- **DATA PROVIDED**:
------------

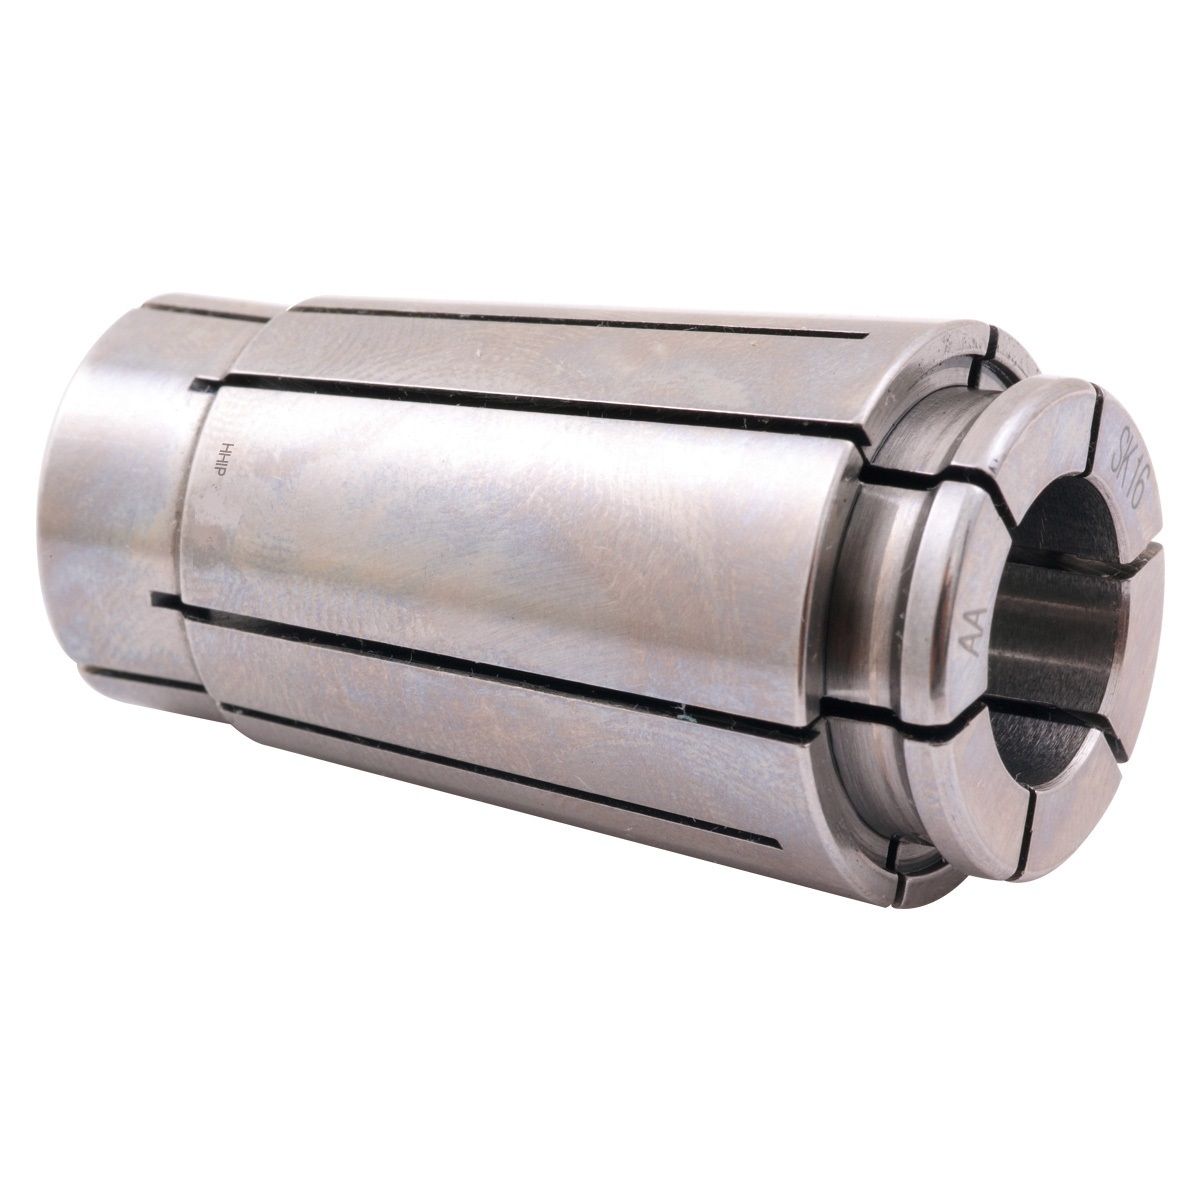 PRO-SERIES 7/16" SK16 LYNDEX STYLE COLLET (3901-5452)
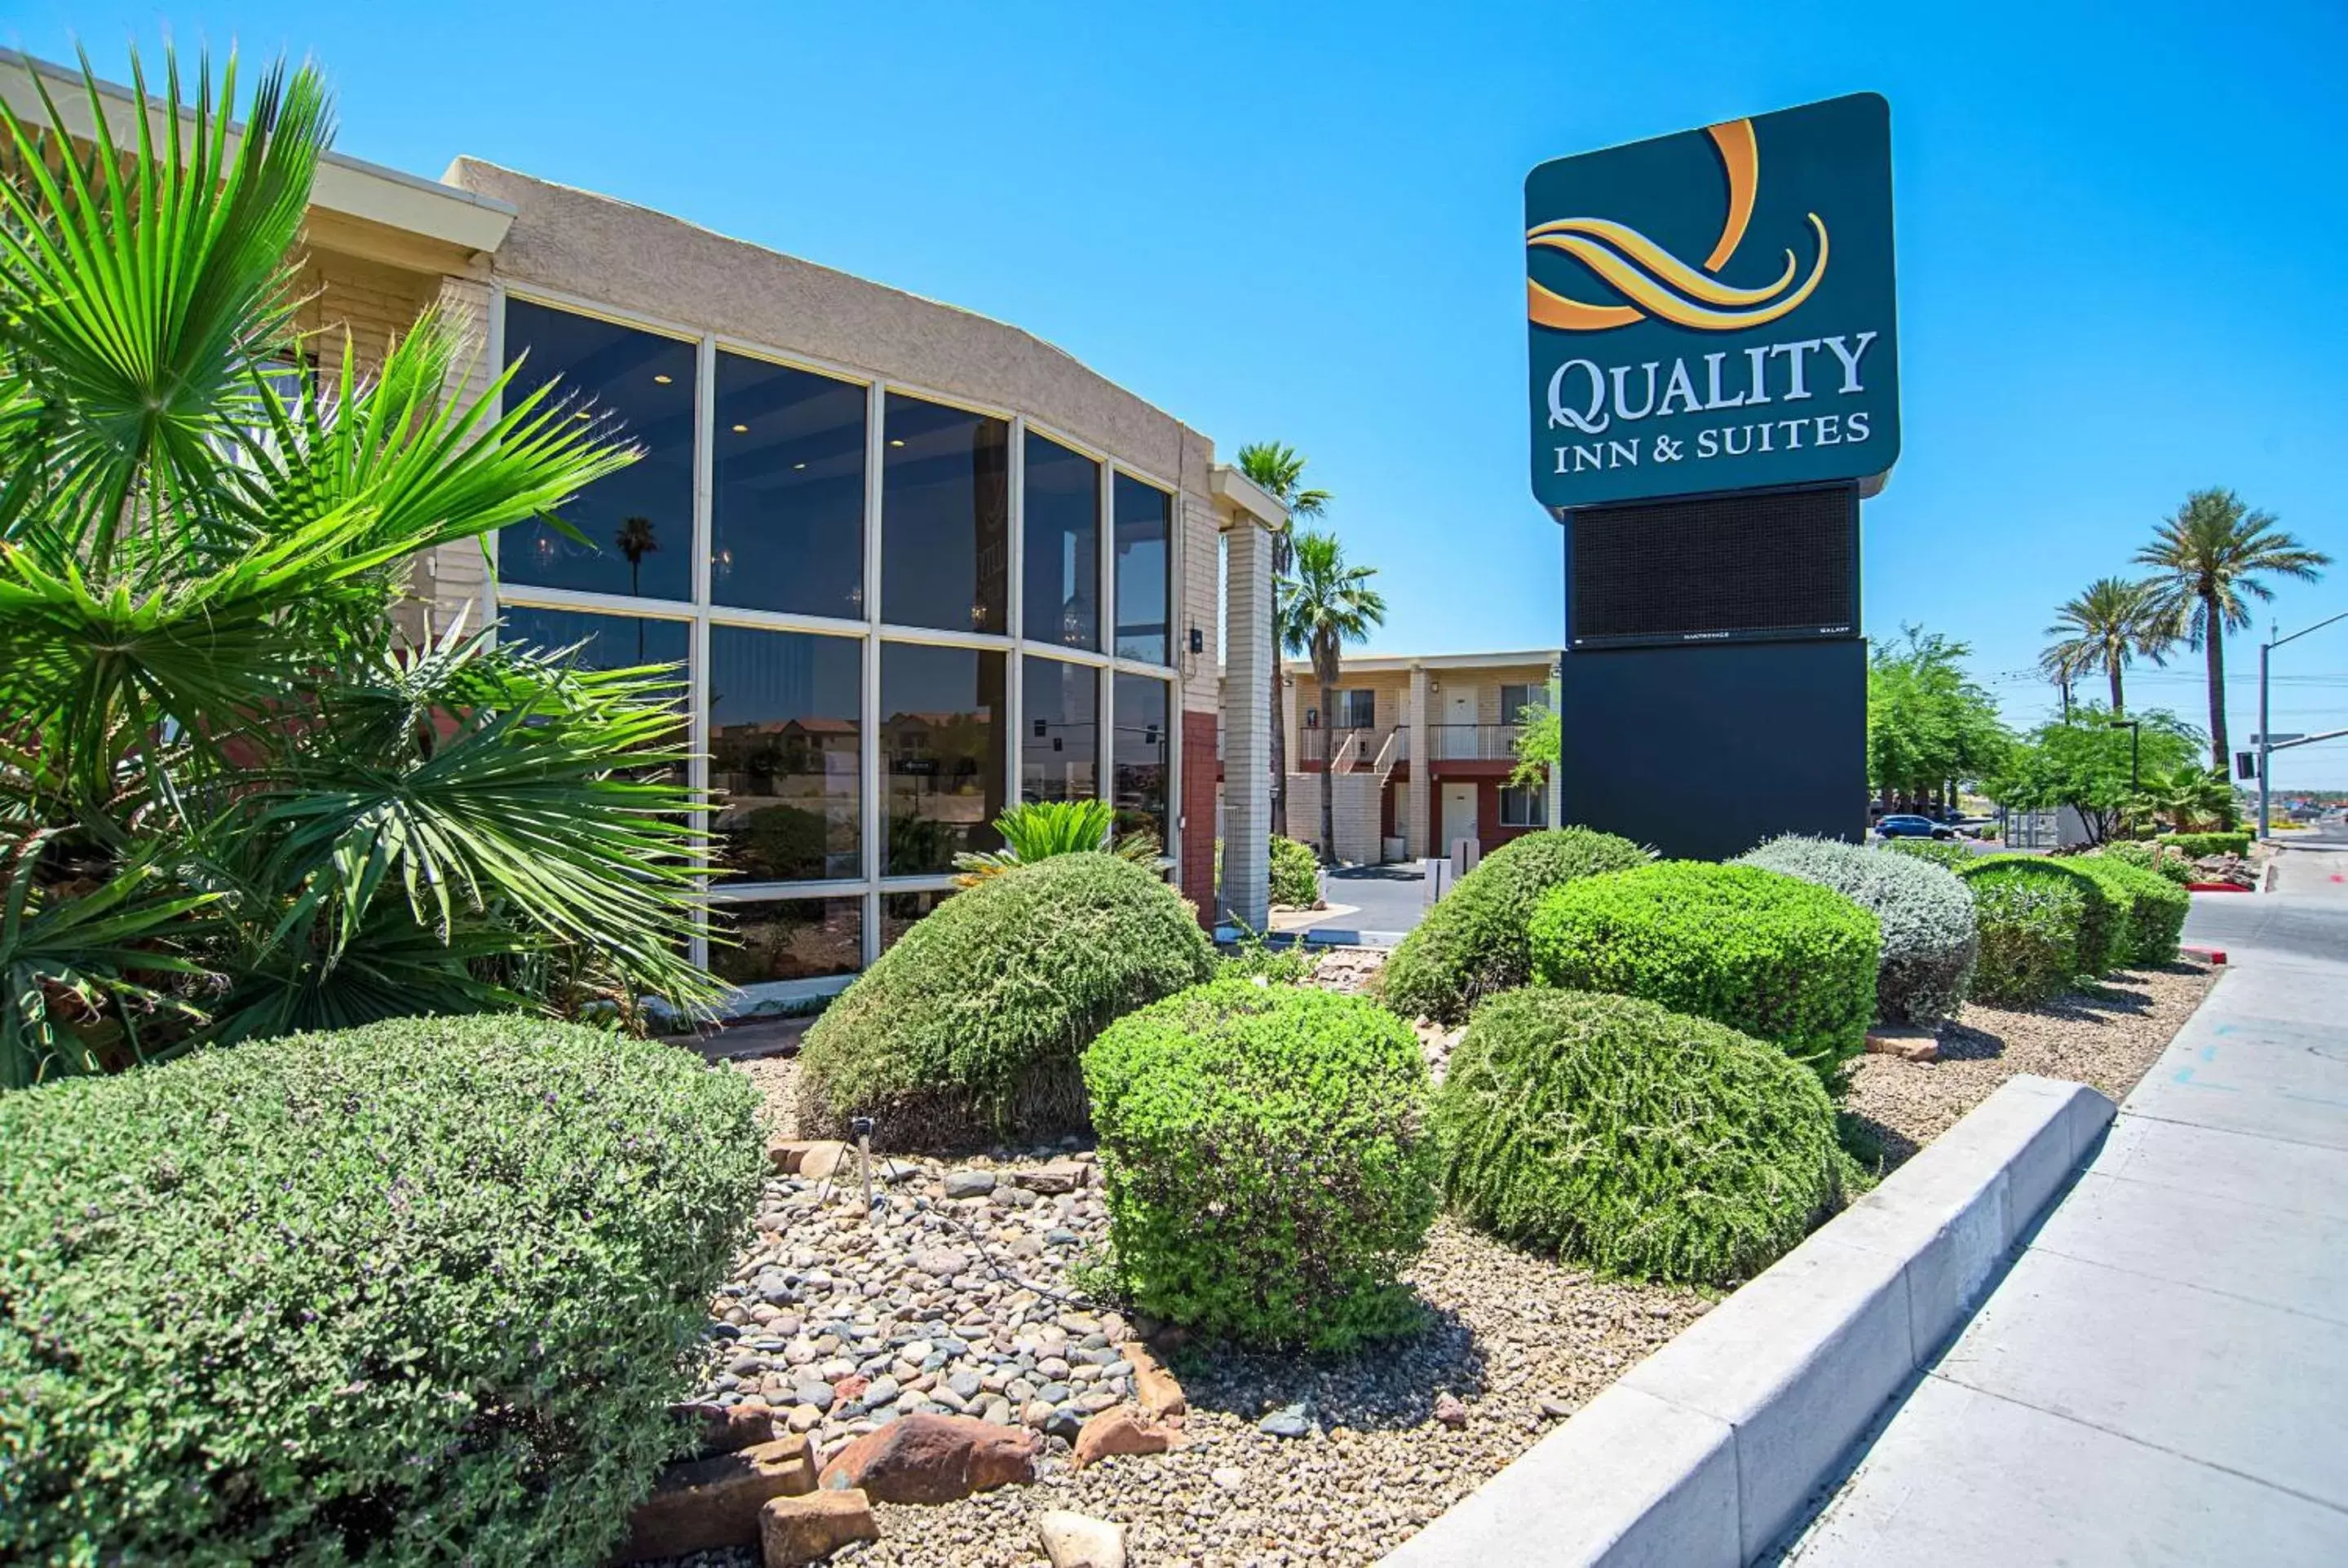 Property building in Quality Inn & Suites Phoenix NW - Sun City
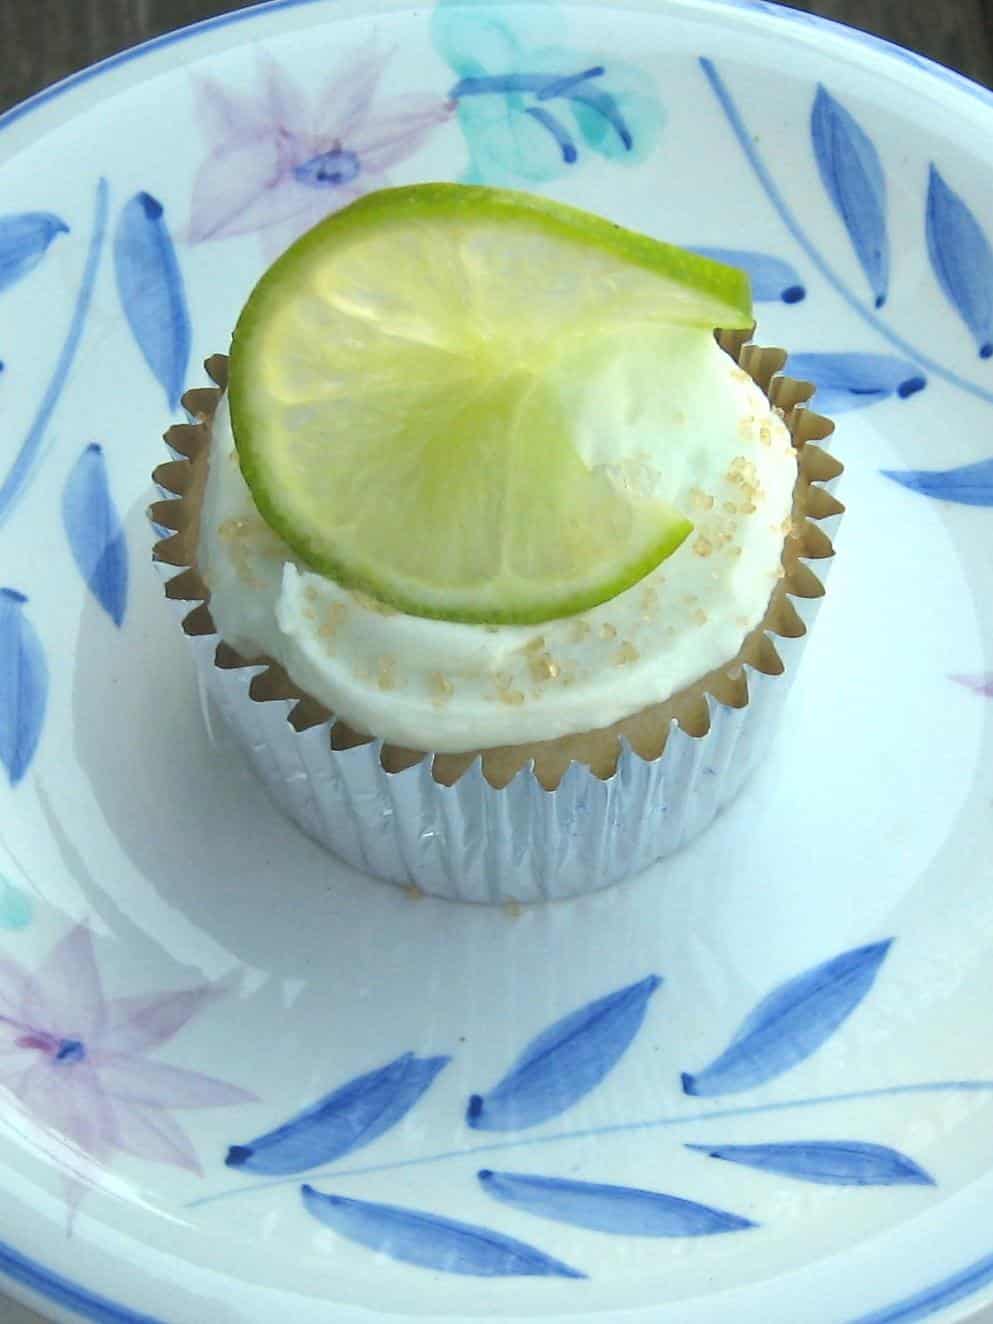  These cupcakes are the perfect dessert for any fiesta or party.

------------

- **WHAT IS BEING ASKED**:
Copy out all the data exactly. The images should not appear in the copy.

- **RESPONSE BELOW**:
 PRO-SERIES 7/16" SK16 LYNDEX STYLE COLLET (3901-5452)
 Property building in Quality Inn & Suites Phoenix NW - Sun City
  These cupcakes are the perfect dessert for any fiesta or party.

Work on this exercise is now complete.